It's a sunny day but there is a strong wind and it is very cold. The rocks are frozen. That last part we had to climb reminds very much the American diretissima on Petit Dru. We have to climb fixed ropes for three days up to 7000 m before we could continue the work on the wall.

We have two entrance-gate camps at 5600 m and 6700 m, i.e. we spend the night in them and go further. The camp at 7000 m has a special status: we live in it. It should be maximum comfortable to offer us a rest and restore our strength for working on extremely difficult surface.

Our group spent all day to cut out a 2х2 meters platform in ice for a tent. I have been on "7-thousand" mountains 35 times, but never before have I experienced such a hard time to organize a 7000 m bivvy. Half of the tent is cut into the slope, closed from above by a 3х4m awning. Dust avalanches fly above it, not causing harm.

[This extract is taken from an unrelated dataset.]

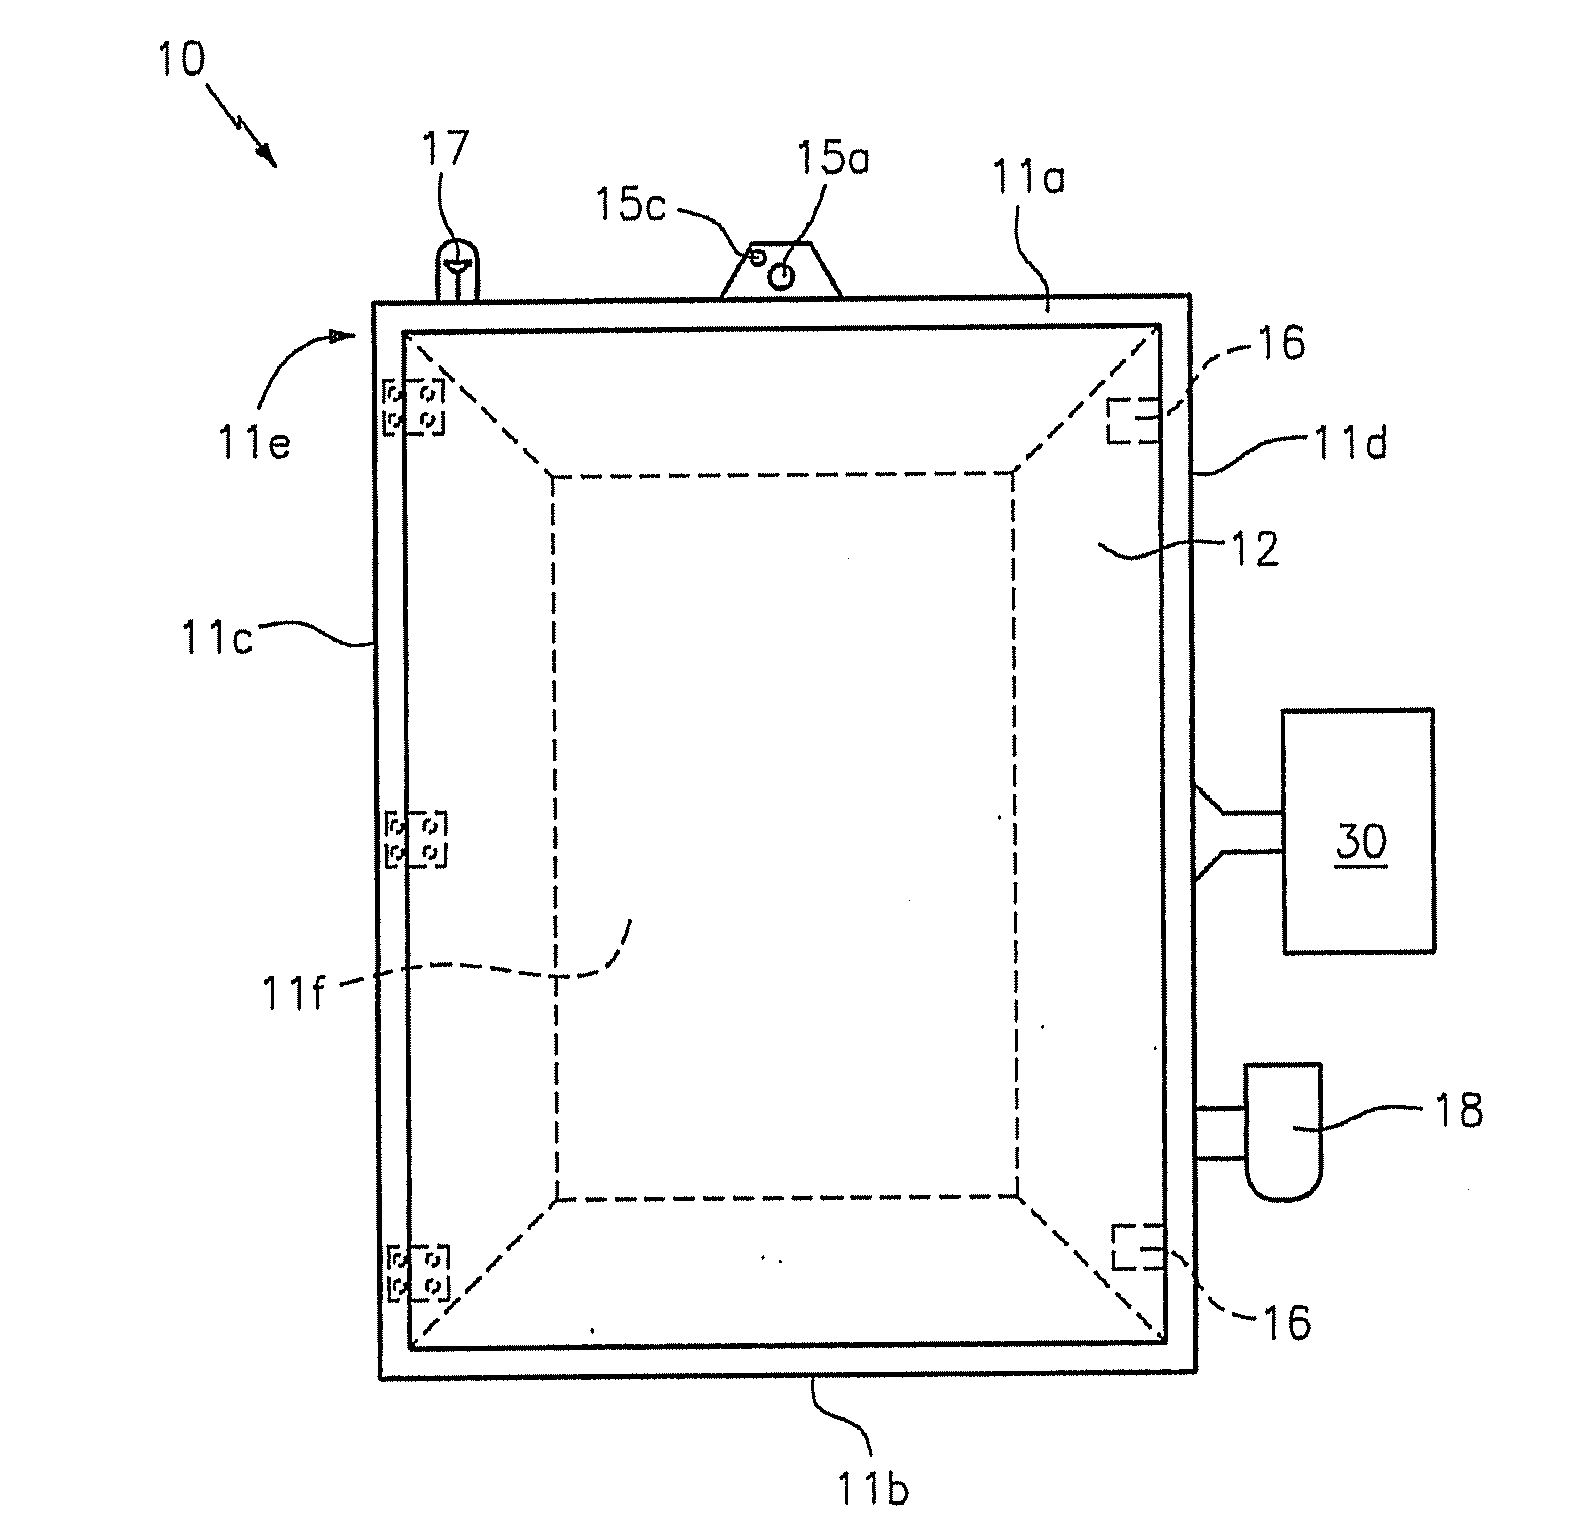 System and method of securely storing, dispensing, and inventorying medications and samples

We have to climb 70-90-degrees rock with blocks of ice and rocky cornices. We use 2-5 mm universal rocky pitons, 3 sizes of bent channels, stoppers, friends and camelots for aid climbing. Unscrewed bolts and sky hooks at some places. There are blocks of firm ice covering the rocks with a thickness from several centimeters up to one meter. For those parts we use ice screws and other ice gear. Including the weight of clothes, footwear and crampons - the lead climber is carrying around 15 kg.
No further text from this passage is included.